Solved – How to model football (soccer) scores

poisson distributionprobability

I'm trying to model football scores using the poisson distribution. I'm calculating a lambda for each team and then multiplying the probabilities of two poisson calculations to get the probability of a specific score.

e.g. poison(lambdaHome, 1)*poisson(lambdaAway, 2) to calculate the probability of a 1-2 result at the end of the match.

The problem I'm having is that the poisson distribution assumes that the second goal is just as likely as the third goal is just as likely as a fourth goal. But in reality this shouldn't be true.
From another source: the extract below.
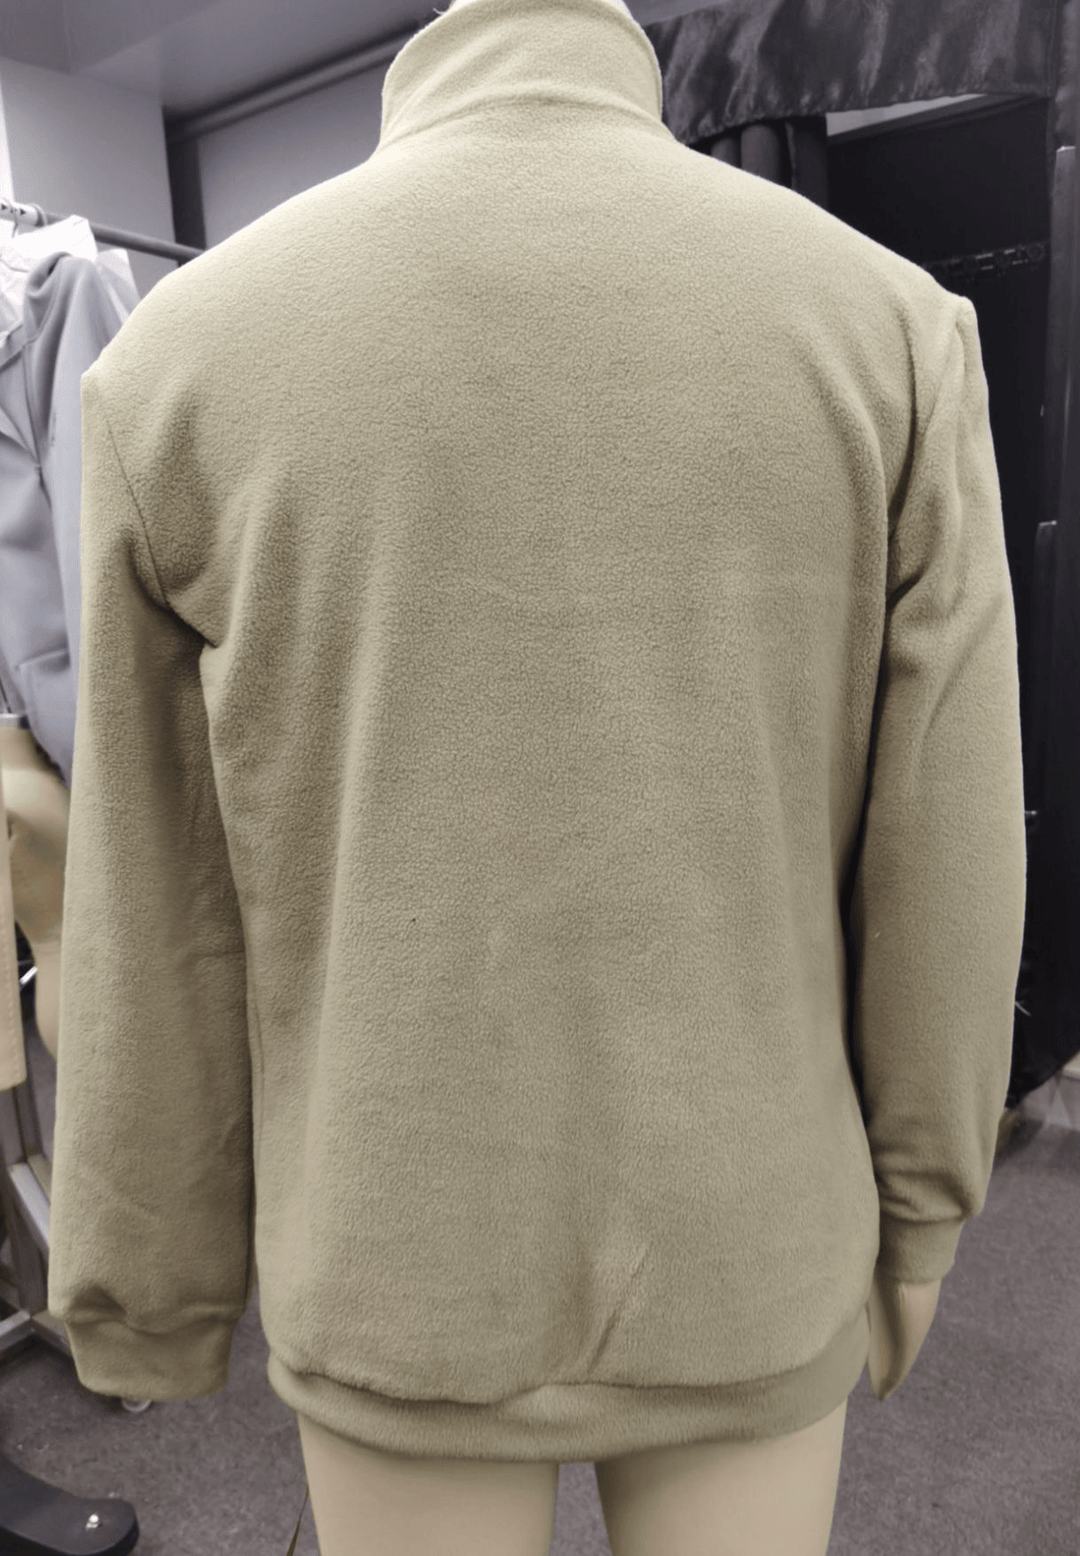 Men'S Outdoor Long-Sleeved Zipper Stand-Up Collar Sports Sweatshirt - MRSLM

If a match has a score of 2-0 then intuitively it is less likely for the team to score another goal is it would probably spend more time on defence to keep the score than it would do attacking to score more goals.

Is there a probability distribution similar to poisson, but rather than having a constant probability for all goals, makes each goal less and less likely?

Best Answer

The state of the art for football prediction - that can be found in the academic literature - is Dixon and Robinson (1998) "A Birth Process Model for Association Football Matches", available without a pay wall here: http://www2.imperial.ac.uk/~ejm/M3S4/Problems/football.pdf

Their model of interacting non-homogeneous Poisson processes accounts for these two key phenomena which independent Poisson distributions cannot:

  • Rising goal rates. More goals are scored at the end of matches than at the start
  • Scoreline dependent goal rates. Teams have a tendency to be motivated or demotivated depending on the scoreline. Such effects are different for the home and away teams

It is this second point which you are referring to whereby teams with a comfortable lead have a drop off in their rate of scoring goals.